Breakfast was provided at the residence of the landlord of the bridegroom, a house of public entertainment, at the corner of one of the somewhat melancholy streets abutting on the East India Docks.  The sign of the house was the “Tartar Frigate,” and mine host had obligingly set apart his back parlour for the entertainment of Jack and his party, now increased by an addition of two other “shipmets.”  The landlord of the “Tartar Frigate” was not, perhaps, a Gunter, but he understood the tastes of his patrons, and gave them what he called “a greasy and substawnshul set out.”  There was a fine round of boiled beef, with carrots, boiled potatoes, and suet dumplings of great weight and sappiness.  Following this there was a liberal dish of plum-duff; and to wind up with, there was half a Dutch cheese and pats of butter, about the composition of which, the less said here or elsewhere the better.  The more solid part of the repast having been removed, all hands were piped to hot grog; a fiddler was introduced into the apartment, and all was jollity and dancing, until some difference of opinion arose between Jack’s male guests, as to which of the three should claim Poll’s lady friend as a partner.  Jack, like the gallant and honest fellow that he was, stopped all disputes by announcing that there was to be no quarrel on his wedding-day, and that the proceedings, so far as he was concerned, were at an end.  Then the punctilious tar paid the reckoning, and conveyed his wife to the apartments which she had engaged for them in Belt Alley, E.
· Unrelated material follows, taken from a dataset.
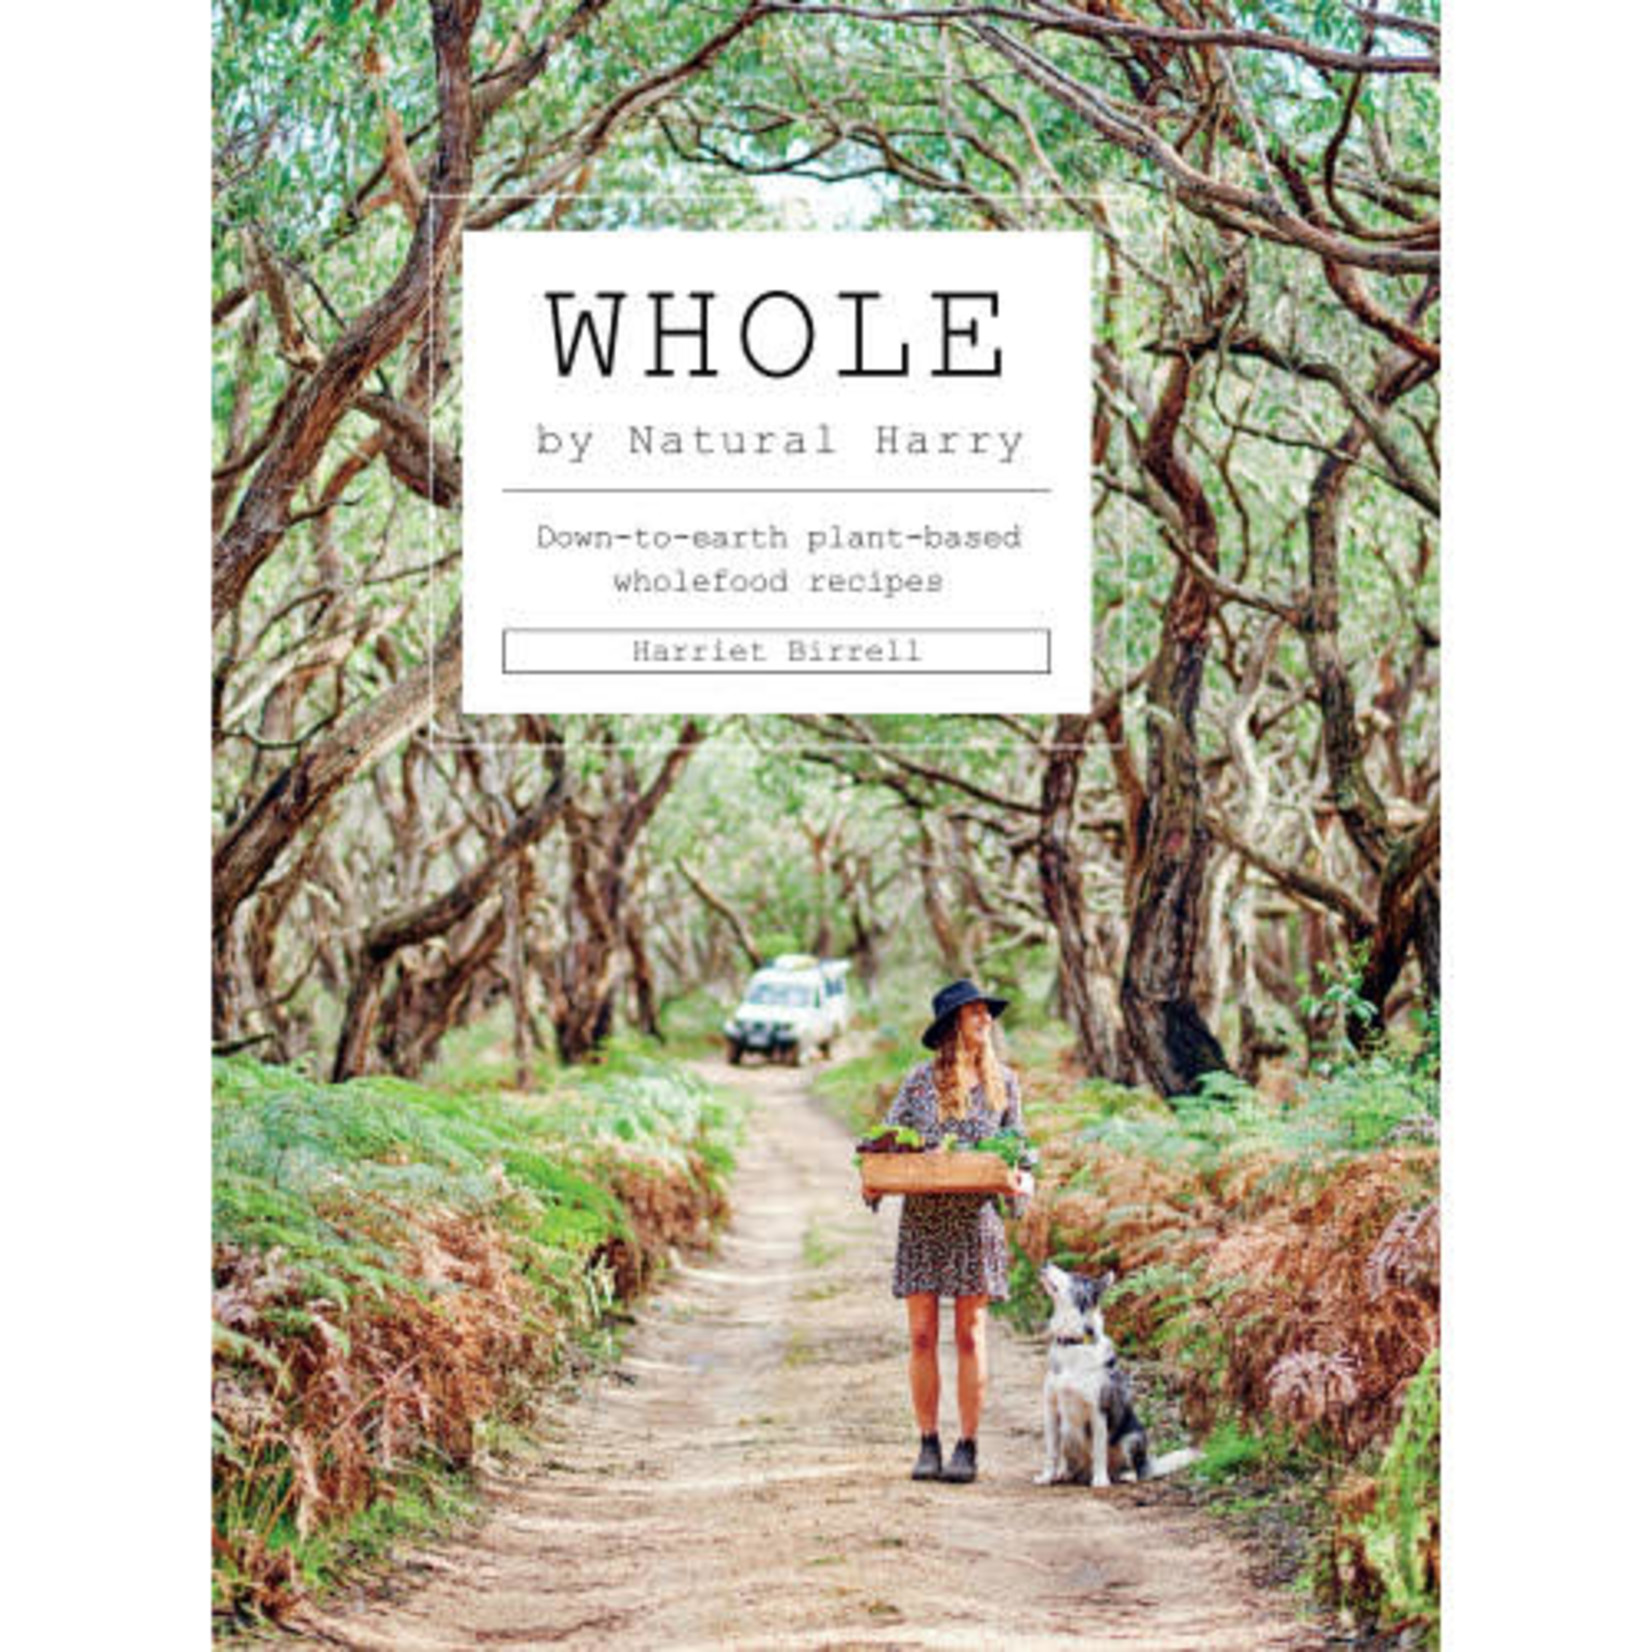 Whole: Down-to-Earth Plant-Based Wholefood Recipes

A life on the Ocean Wave is regarded by some as the most jolly and enjoyable of all possible lives.  But it must be admitted that the Ocean Wave is a relentless master, and has no more regard for the tender feelings of the mariner, and those who are dear to him, than the whale that swallowed Jonah.  Jack and Poll had not been married three weeks, before his ship—The Promise of the May—was ready for sea, and Jack was ordered to join.  Now I would call to my aid that which is not permitted to the Unvarnished writer—the lyre of the poet.  For how shall I attune my harsh prose to the music of their sighs, the liquid measure of their tears?

It came, that final, that inevitable scene.

They stood on the quay, his arms round her waist, her head on his manly shoulder.

“Good-bye, lass,” he whispered, as he drew the back of his hand across his eyes.

“Goo—goo—good-bye,” she said, in an agony of sobbing.

“You’ll always think o’ me, Poll?”

“Aw—aw—always,” she cried, shaken with emotion.

“An’ you’ll always be true to me?”

“Aw—aw—always,” she moaned.

“Kiss me, lass.”

Their lips met in a fervent salute.  Then he was led away to his ship by Joey Copper, his best man; and she, in a half fainting, half hysterical state, was conducted back to her apartments by her faithful female companion.